Funny to be here at the King's flat again. Its in a different place now, but the furnishings, the dust, the dishes in the sink and the beer bottles, empty but for a bit of mould and a fag-end in the bottom, are all the same. This is where I started in Berlin in '92, with Bob away in England. Then I began to make puppets. I keep bumping into them as I visit people (they weren't as popular as Bratwurst, and I gave most away); old friends just hanging around, coated in fat and dust now, chipped and grimy, smiling naively for all eternity, with no obvious reason. Half the people think I'm nuts to want to come back, especially in wintertime - but its what I need. As far as slightly more practical ideas go, I'm busting with them - trouble is, making flyers, CD covers, posters, t-shirts for bands and clubs may be jolly fun, but most of these fellas are as skint as I am. So, if a real job finds me, I'm up for it.
Lots of people tell me how talented I am, perhaps for want of anything else to say. Well, this year I shall find a way to earn a fat bit of German bread, garnished with heaps of thrills, with a real steak on top, none of that kebab crap, served to me in a great big bed with red covers by a milky princess WHO HAPPENS TO BE READING THIS RIGHT NOW...


December 6
From today's TIMES:
A coroner has expressed amazement that a 60-strong church congregation left a naked man to die of cold outdoors while they feasted inside... refused to let the man in despite his pleas for help... Mr Clark, 62, wandered around the church in Dudley for 5 hours before dying of hypothermia... banged on the church door begging for assistance... Rev Ivor Sperring told the inquest that Mr Clark's behaviour was threatening... "He was picking up plastic and banging it on the ground. Most of the people were older than him and didn't feel they would be able to deal with the situation. He was nothing more than a nuisance... There was something sinister about the way he was breaking things."

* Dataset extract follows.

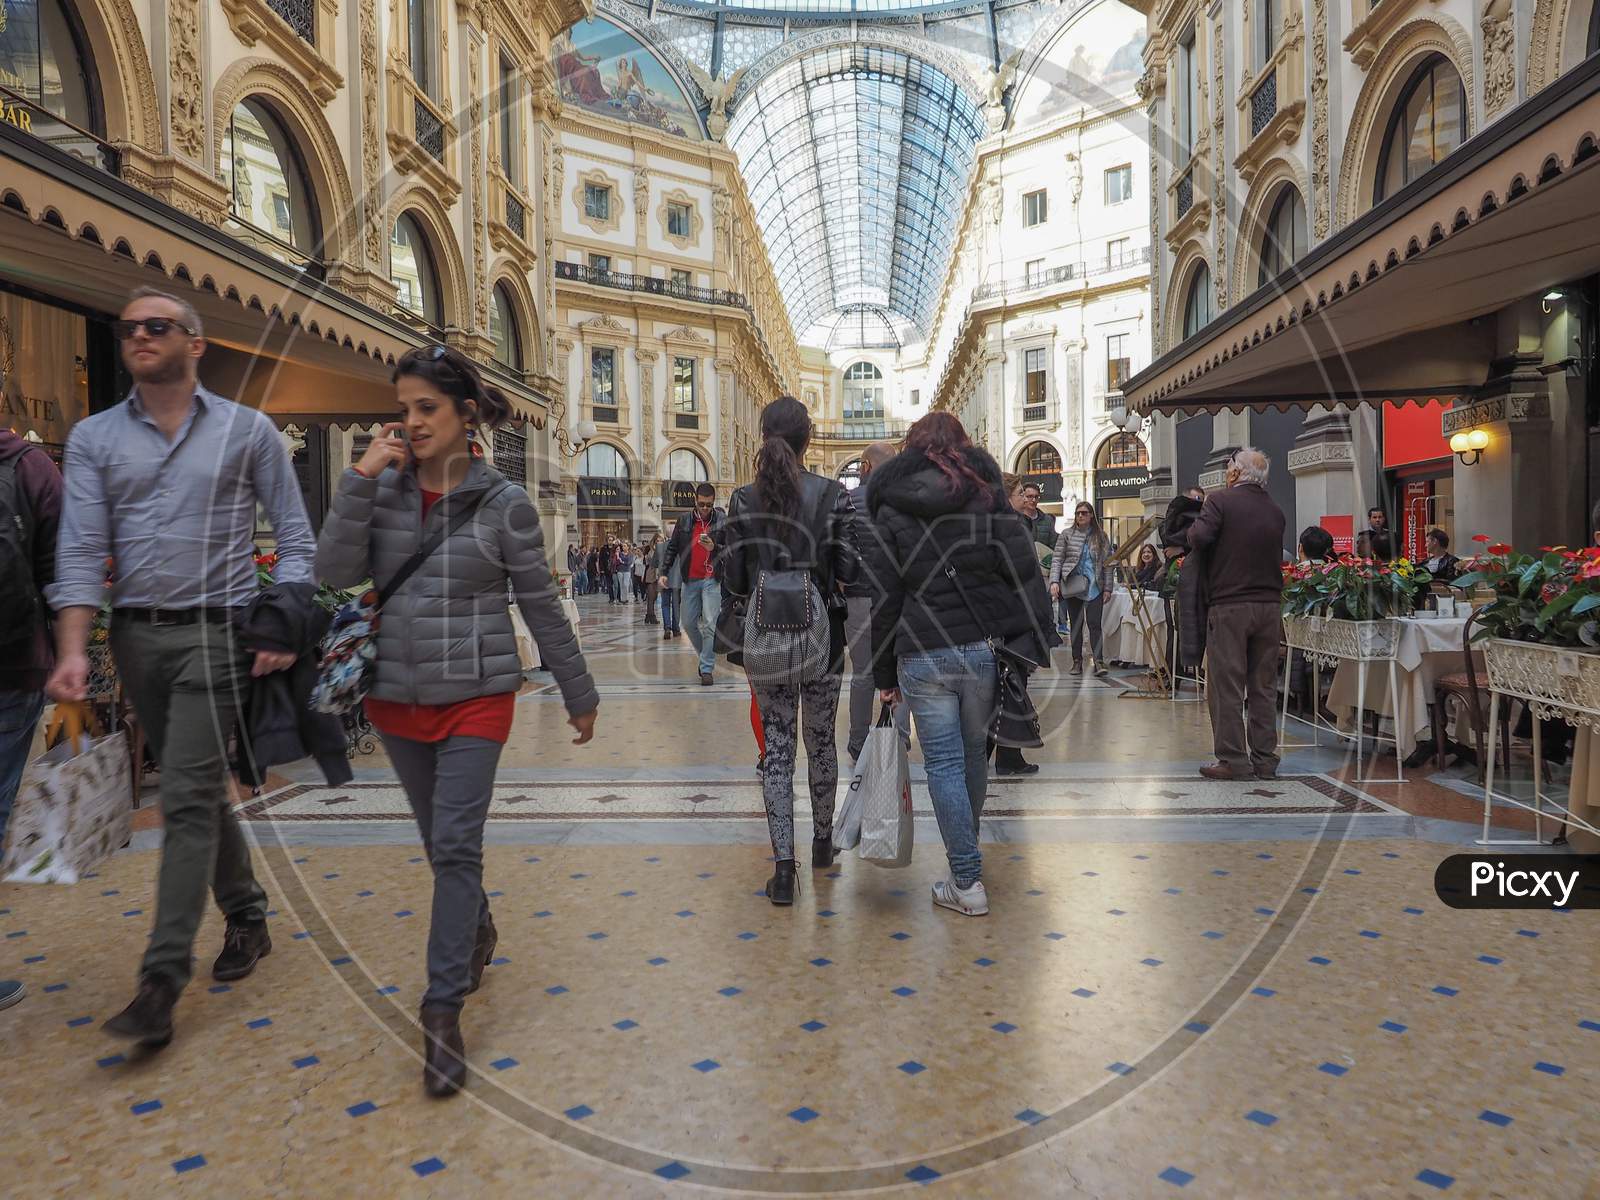 Milan, Italy - March 28, 2015: People Visiting The Newly Restored Galleria Vittorio Emanuele Ii

Tonight was straight TV's premier of the excellent BOWLING FOR COLUMBINE. An eye-opener, yes, but has it opened U.S. eyes, or are they too deeply sunk in fear of the neighbours and mindless tradition ever to see the light? Haven't any of them read the rest of the 'right to bear arms' clause, written for the prompt formation of militias in case of aggression by us British?
Sad, then, to watch the U.K. going exactly the same way. The massive growth of gang-culture is not only thanks to cool American TV shows and rap videos, there are minor side issues, like poverty, poor education and the fact that guns are now piss-easy to get hold of. There are minor symptoms, too, like this recent obsession with crappy, wrongly entitled 'reality' TV shows, designed to indoctrinate youngsters into the fab new media-constructed culture of meaninglessness, hero-worship of thoroughly useless heroes and self-idolisation. America teaches us: you can have anything you want, and get it any way you want - just don't get caught if its dodgy.
To hammer the 16 cent K-Mart bullet home, Bowling for Columbine was immediately followed by NASHVILLE.
But I would never wish to halt progress. Which is a good thing, as there will be no halting progress till this country is as terrifying to live in as that one. To know what will happen after that will be easy; we'll just gaze across the sea as usual, be filled with loathing, and copy them some more.
My answer is revolutionary as usual: a ban on weapons outside the services. Automatic imprisonment for anyone in possession of a gun. Longer imprisonment for anyone who points a gun at someone else, loaded or not. Life imprisonment for anyone who shoots someone, dead or wounded. And re-indoctrinate society, starting with silly slogans like GUNS ARE NOT FOR FUN or LIBERTY DOES NOT MEAN FREEDOM TO SHOOT OTHERS. There. Aren't I the crazy fanatic? Imagine what I could do with a semi-automatic...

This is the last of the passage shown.